Previously, I’ve explained why I like what the Common Core does for Social Studies learning and teaching.  My latest piece for the New York Times’ Schoolbook takes on the implementation of the new standards:

Teachers who focus on content and test-prep are sadly doing all that is necessary to prepare students for the exam. A recent study by Gabriel Reich of Virginia Commonwealth University found that the Global Regents Exam does not call for any historical thinking skills, but rather knowledge of history content, basic literacy and “test-wiseness.”

The history Regents exams do not ask students to do anything that meets the overwhelming majority of the new Common Core standards.

It is particularly troubling then to find that the state does not seem to have a concrete plan in place to change the history regents exams.
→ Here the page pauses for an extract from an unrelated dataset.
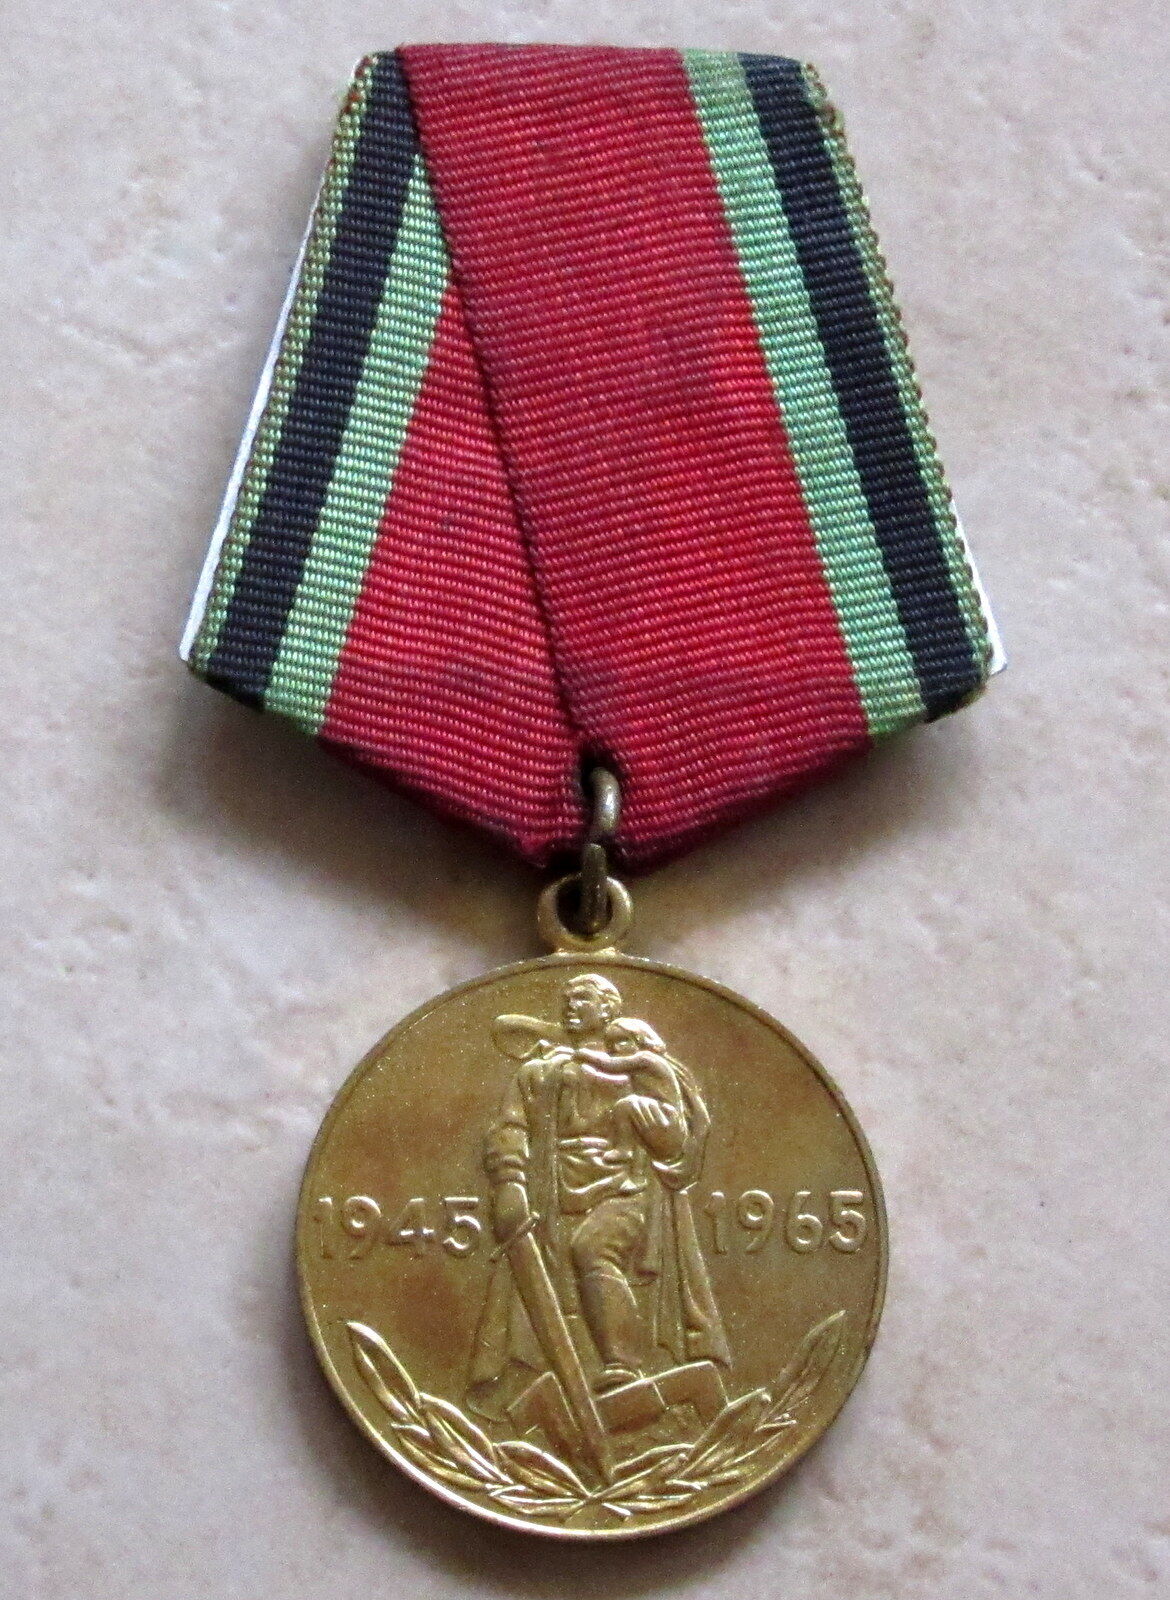 Russia Ussr Wwii Veteran Medal: 20 Years Victory Anniversary, 1945 - 1965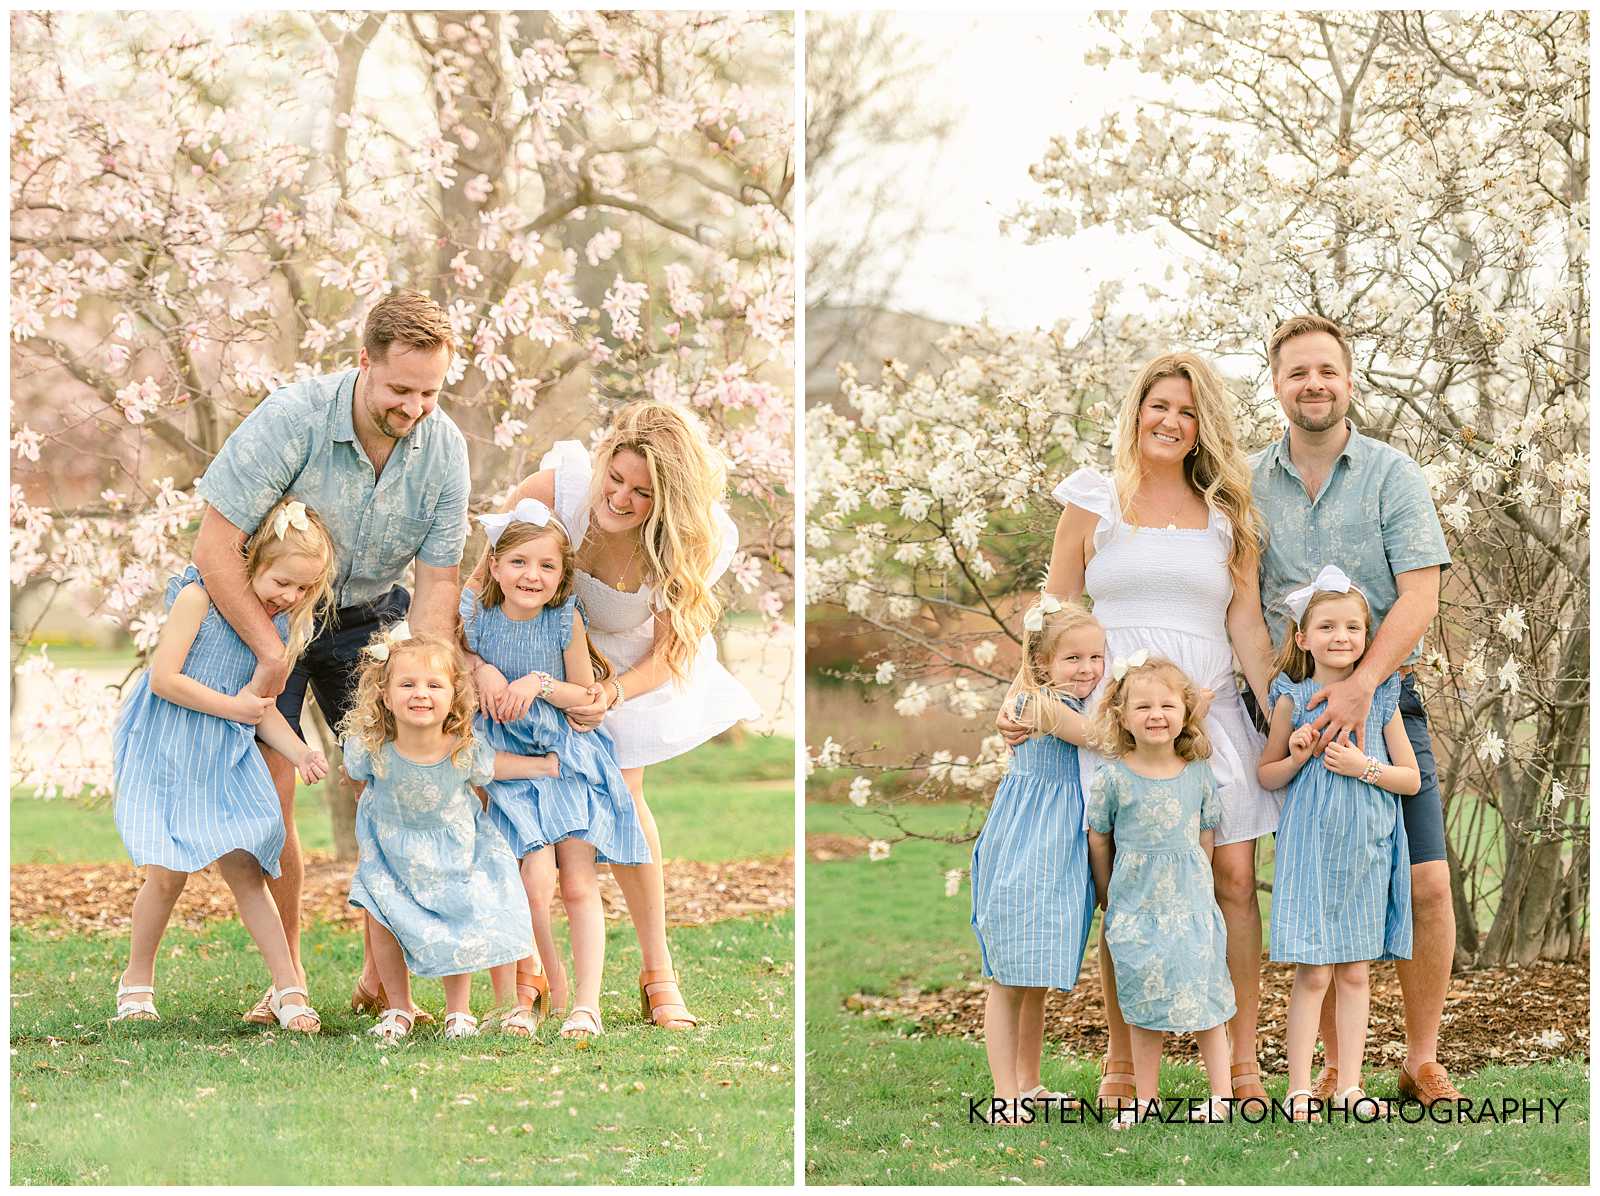 Family with three young daughters standing in front of pink and white star magnolia blossoms

Please read the whole piece, and add your comments here or there.

 

The Education of Amani A: Education (Calling)

I’ve never asked this before, but please share this piece with as many people as you can. My students’ poem deserves a wide audience.  ~SL

I never lack for reasons why I love my job, but none of them ever supersede the privilege of seeing young women and ment take hold of the views and positions they will carry with them into their adulthood.  In rare cases, I get to bear witness to a student who not only attains a mature and nuanced understanding of a complex issue, but finds her voice to share that position with the larger world.

This past Thursday, Amani A., who I am proud to be able to call my student at the Academy for Young Writers, took 3rd place at the annual Knicks Poetry Slam at a sold out Broadway theater.  I am hardly an aficionado of performance poetry, so I won’t comment on the quality of the poem nor its performance (though I can only assume she was robbed of first place), but I do want to engage with the content of her poem: the education of young men of color. There is much to admire and love in her message.

Amani starts by juxtaposing the media attention given to acts of violence committed by students against teachers with the lack of attention given to the violent results of  abdicating the responsibility for actually educating young men of color.  She notes that a Google search for “students hitting teachers” leads one to read, “A student hitting a teacher is a serious incident that merits a serious response.”  Yet when searching for “teachers miseducating students” all she found relevant was “Lauryn Hill” (an allusion to Hill’s 1998 modern classic, The Miseducation of Lauryn Hill).  It is a powerful and attention grabbing opening.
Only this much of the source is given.